Call the TRA site office and tell them what you are going to do and how you intend to keep it in place. 936-365-2292. Ask for the site manager.


----------



## ConspiracyMike (Oct 5, 2009)

Thanks for the info everyone...just what I needed!!!


----------



## SV_DuckBuster (Sep 18, 2007)

We built and sank several crappie condos on Lake Nacogdoches. Made them out of pvc with concrete feet and they still produce great fish 6 years later. You can make them as big as you want and all kinds of crazy designs. I always thought they marked on the depth finder better than brush, they last longer and you don't get hungup on them while fishing. Add a few around your existing structure each year and before you know it, you have a huge area holding quality fish.

Can't find my pics of the ones we made, but I'll try and descibe one for you. Roughly 8'x6'x6' with at least 4 concrete feet to hold them down. We used cinder blocks and quickcrete poured into 2 gallon planters. The pvc was a mixture of 1", 2" and 3" pieces assembled into all kinds of crazy shapes to mimic a brush pile. The design was dense in the middle and had lots of long pieces hanging out and sticking up all over. They worked so much better than brush because you could fish inside them without getting snagged on anything.


----------



## ConspiracyMike (Oct 5, 2009)

how long till the fish start showing up.


----------



## tbone2374 (Feb 27, 2010)

Nice idea, bet it does work well!


----------



## Tall1 (Aug 3, 2009)

Mike, just let me know when you want to build and sink one. I'm thinking out near the channel in front of your house would be a good spot. Maybe we'll put a second one at the honey hole.


----------



## slabnabbin (May 25, 2010)

ConspiracyMike said:


> how long till the fish start showing up.

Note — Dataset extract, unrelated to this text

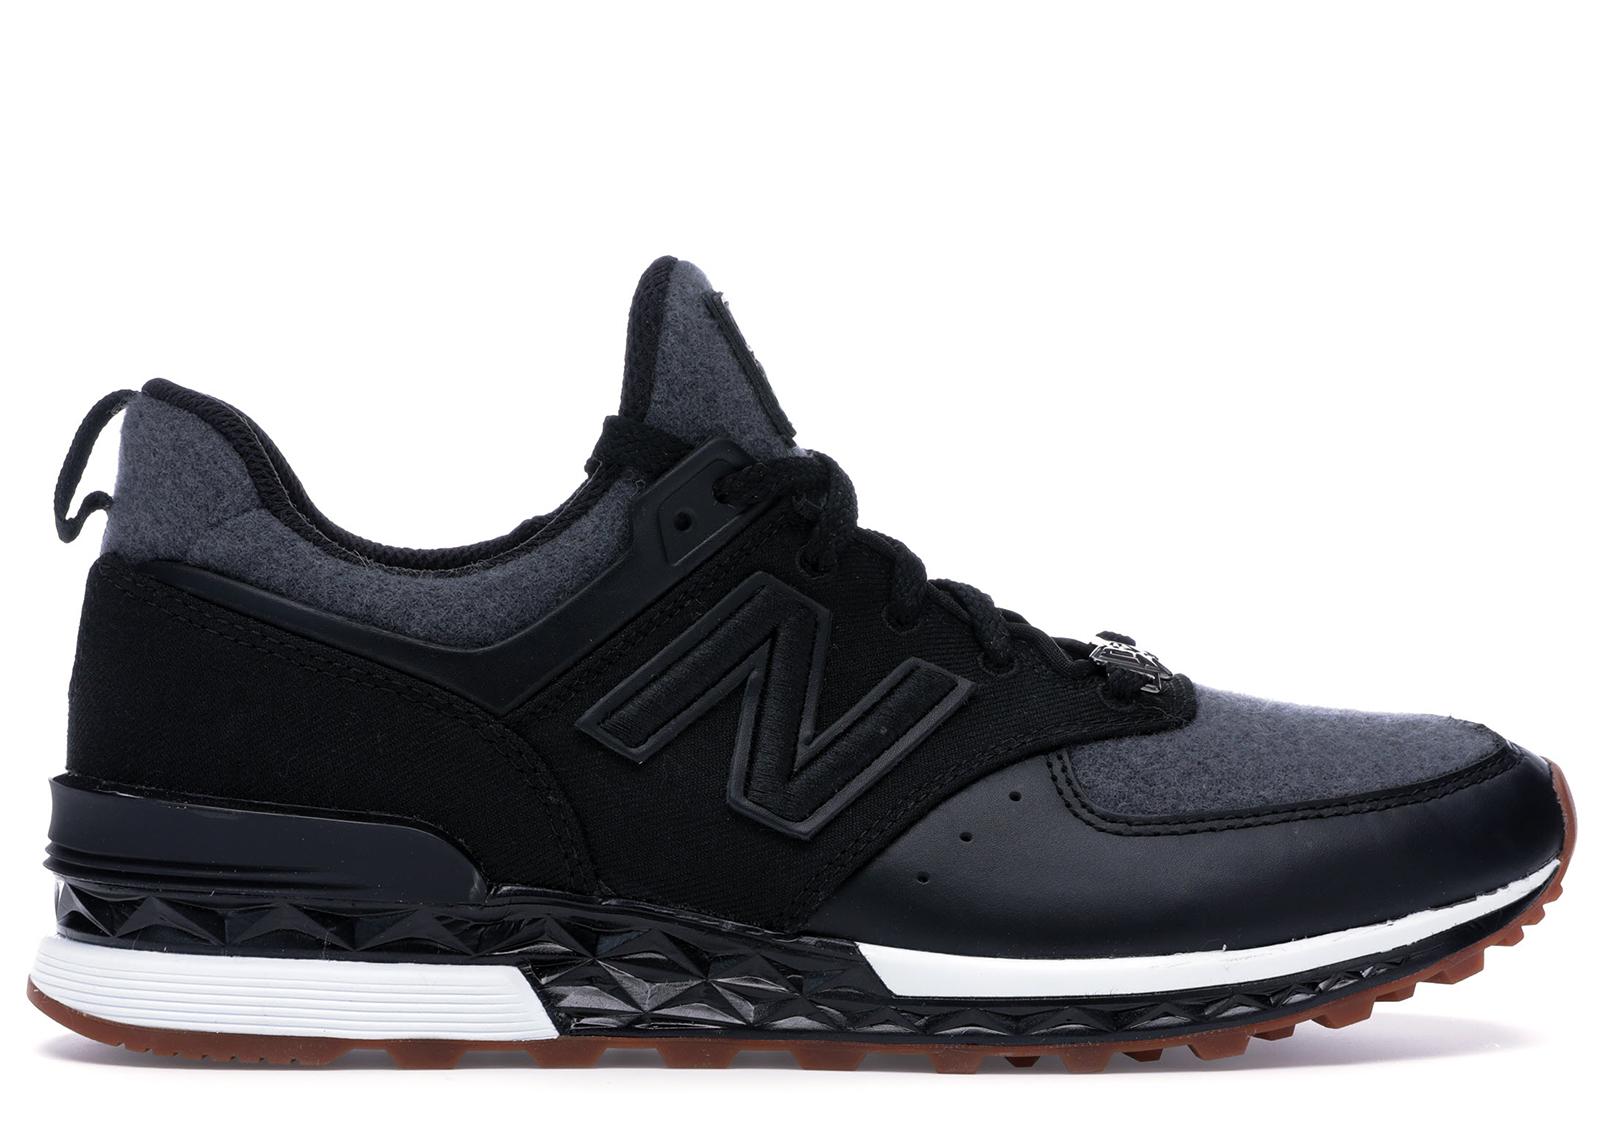 New Balance 574 Sport New Era Black

i put mine in an area where i already catch fish. the ones i put out this year i fished them 5 days later and caught fish but they were about 75-100 yards from spots i have caught fish on for years. the closer the fish are to it the faster they will move into your crappie condos. little do they know eviction could come any day.:rotfl:


----------



## ConspiracyMike (Oct 5, 2009)

I was thinking about a large square pvc grid system with 1/2 pvc stems attached pointing straight up from the grid. The 5 gallon bucket method might be easier to move since my boat is small.


----------



## slabnabbin (May 25, 2010)

pvc works well but be sure to sand it down so the algea can stick to it easier.


----------



## SV_DuckBuster (Sep 18, 2007)

ConspiracyMike said:


> how long till the fish start showing up.


Less than a week in my experience. You can expedite that process by sinking a burlap bag of range cubes, dog food, maise, etc with your condo. Draw the fish to it and then they seem to stay. We always tried to sink them in or near a fish highway (channel, creek mouth, bottom structure) which helps fish get to them faster and stay longer since it is already familiar territory. 
We only fish the condos at night and typically use 1 or 2 very large green lights suspended about 4' above the condo. When we first drop the lights in the water, everything around the boat glows green in a 20 yard diameter. 10 mins later, the water is blacked out by baitfish.

When fishing these things, we never had a trip without a few nice cats and great bass too! In fact, I have a 9lb bass on my wall that I caught from a condo on an ultralight spinning reel with 4lb mono. What a fight and great story to tell everytime someone sees that fish on the wall. Not the best lmb I ever caught, but the best fish I ever landed on 4lb mono and a tiny bream hook.


----------



## Lipless Crankbait (Mar 24, 2007)

If you build them out of plastic the denser they are the better. If you sand the plastic like mentioned above the alge will grow quicker and the fish will show up faster. Here is a pic one style we built about a week ago, we put another just like it but smaller inside and sunk them. I have started making hybrids, mostley out of plastic, with cypress tops mixed in. To have a great brush pile it needs to be in an area that would naturally hold fish.


----------